1. "Woofin' and Tweetin'" (Gene Ammons) – 15:05
2. "Juggernaut" (Ammons) – 10:28
3. "Blues Up and Down" [take 3] – 2:39
4. "Blues Up and Down" [take 1] – 1:28 Bonus track on CD reissue
5. "Blues Up and Down" [take 2] – 2:23 Bonus track on CD reissue
6. "You Can Depend on Me" [take 1] (Charlie Carpenter, Louis Dunlap, Earl Hines) – 2:50
7. "You Can Depend on Me" [take 2] (Carpenter, Dunlap, Hines) – 2:50 Bonus track on CD reissue
8. "Stringin' the Jug" – 5:05
9. "New Blues Up and Down" – 5:07
10. "Bye Bye" (Jimmy Mundy) – 3:02 Bonus track on CD reissue
11. "When I Dream of You" (Carpenter, Hines) – 2:55 Bonus track on CD reissue
12. "A Lover Is Blue" (Carpenter, Mundy, James Oliver Young) – 2:46

Note
- Recorded in New York City on March 5, 1950 (tracks 3–7 & 10), October 28, 1950 (tracks 8, 11 & 12), January 31, 1951 (track 9) and at Van Gelder Studio in Hackensack New Jersey on June 15, 1955 (tracks 1 & 2)

== Personnel ==
- Gene Ammons – tenor saxophone, baritone saxophone
- Sonny Stitt – tenor saxophone, baritone saxophone (tracks 3–10)
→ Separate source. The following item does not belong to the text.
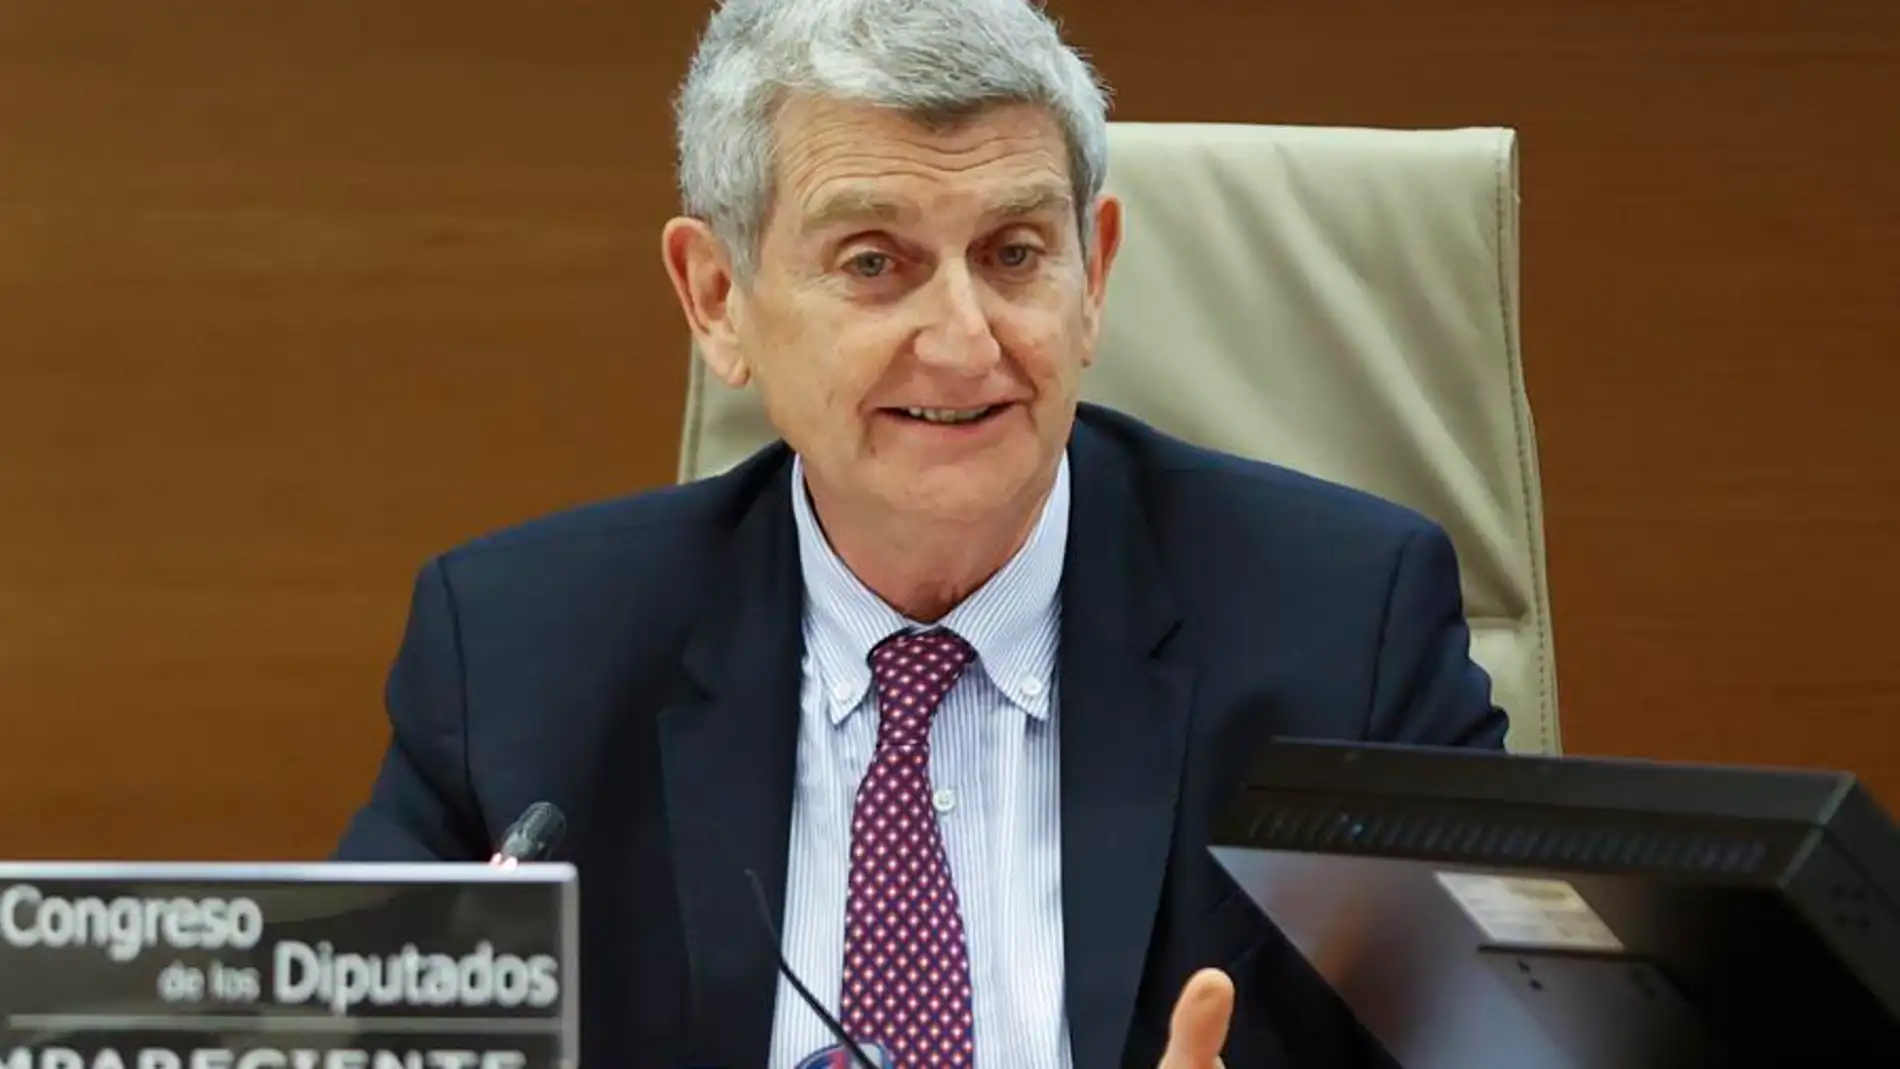 El presidente de RTVE, José Manuel Pérez Tornero, renuncia a su cargo

- Art Farmer (tracks 1 & 2), Billy Massey (tracks 9 & 10) – trumpet
- Chippy Outcalt – trombone (track 9)
- Lou Donaldson – alto saxophone (tracks 1 & 2)
- Charlie Bateman (track 9), Duke Jordan (tracks 3–7 & 10), Junior Mance (track 8, 11 & 12), Freddie Redd (tracks 1 & 2) – piano
- Addison Farmer (tracks 1 & 2), Tommy Potter (tracks 3–7 & 10), Gene Wright (tracks 8, 9, 11 & 12) – bass
- Art Blakey (track 9), Kenny Clarke (tracks 1 & 2), Jo Jones (tracks 3–7 & 10), Wes Landers (tracks 8, 11 & 12) – drums
- Larry Townsend – vocals (track 9)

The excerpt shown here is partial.